__STORED DATA__.
----
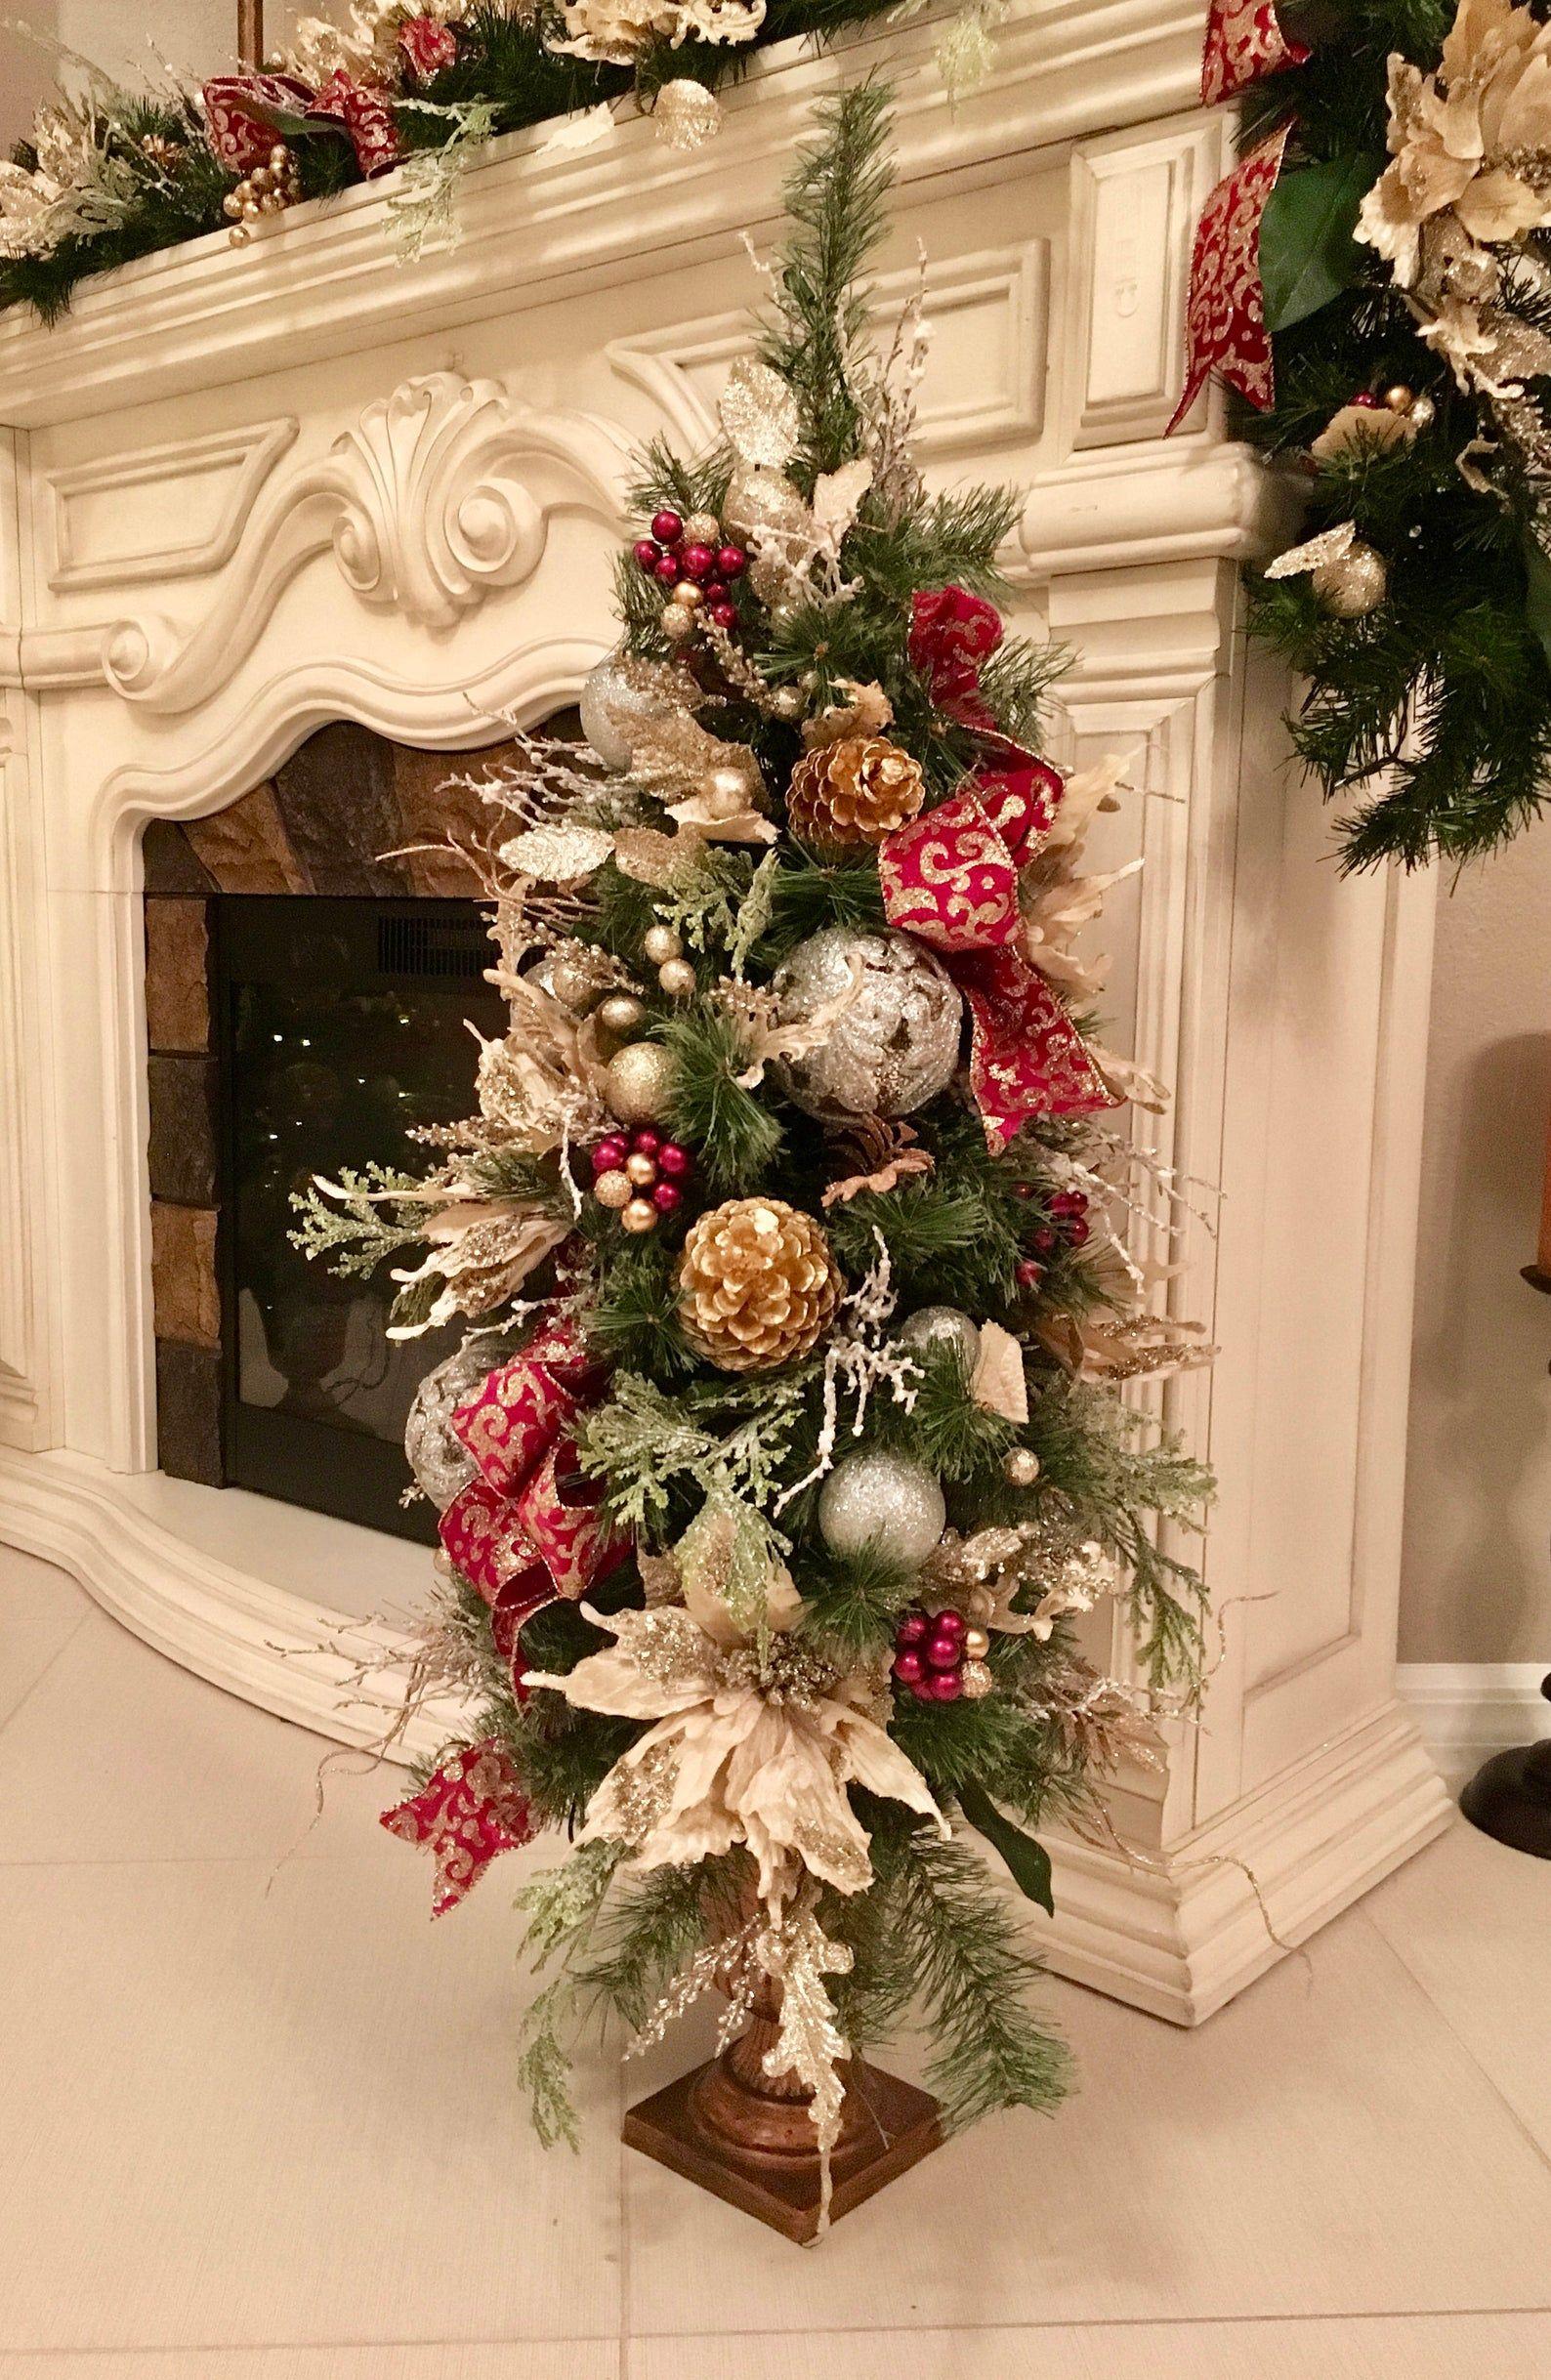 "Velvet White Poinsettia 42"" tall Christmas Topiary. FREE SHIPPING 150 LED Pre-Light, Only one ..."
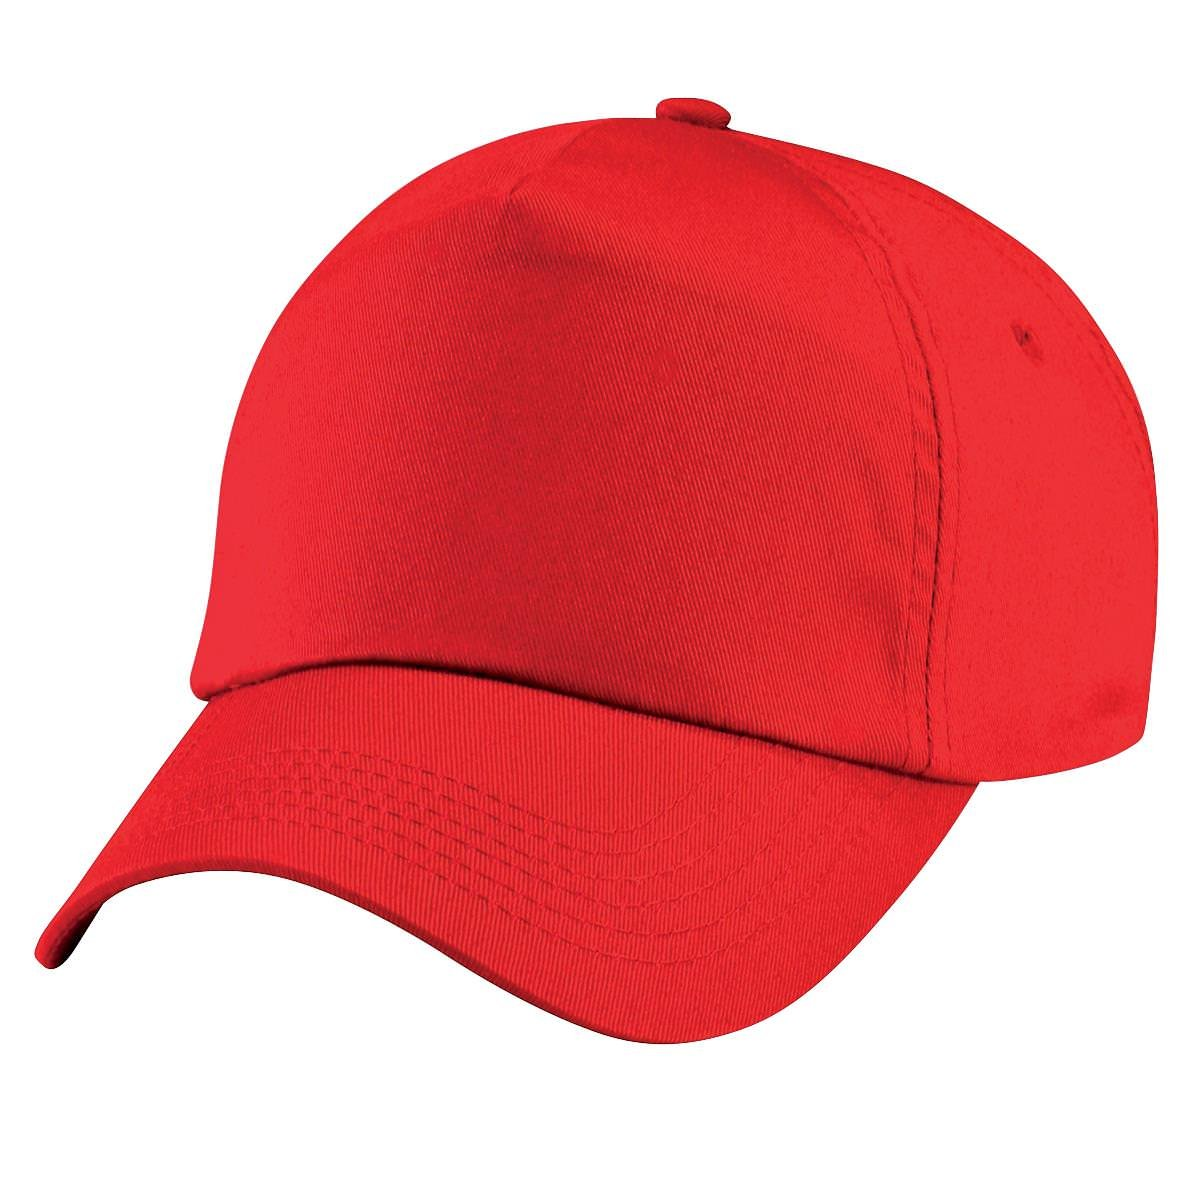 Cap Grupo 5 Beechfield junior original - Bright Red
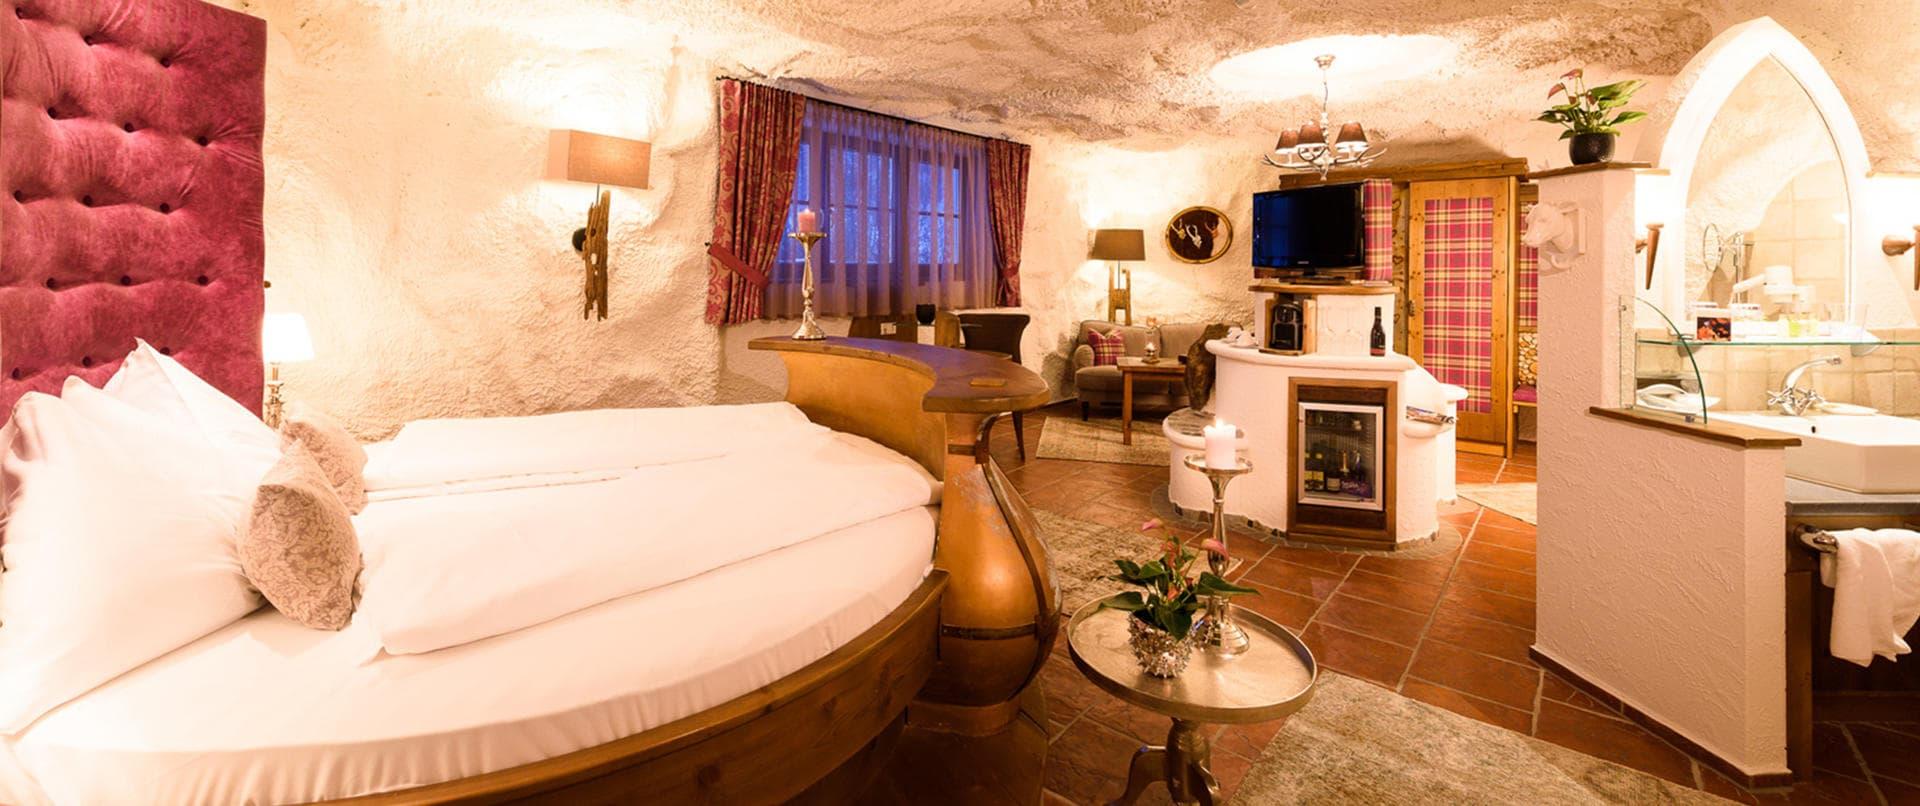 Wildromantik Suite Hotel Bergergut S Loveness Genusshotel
----
__EXERCISE REQUIREMENTS__. What the answer needs is every line from the one with "Cap Grupo 5" through the last line of the data, reproduced word for word and with pictures omitted.

__SOLUTION TO THE EXERCISE__.
 Cap Grupo 5 Beechfield junior original - Bright Red
 Wildromantik Suite Hotel Bergergut S Loveness Genusshotel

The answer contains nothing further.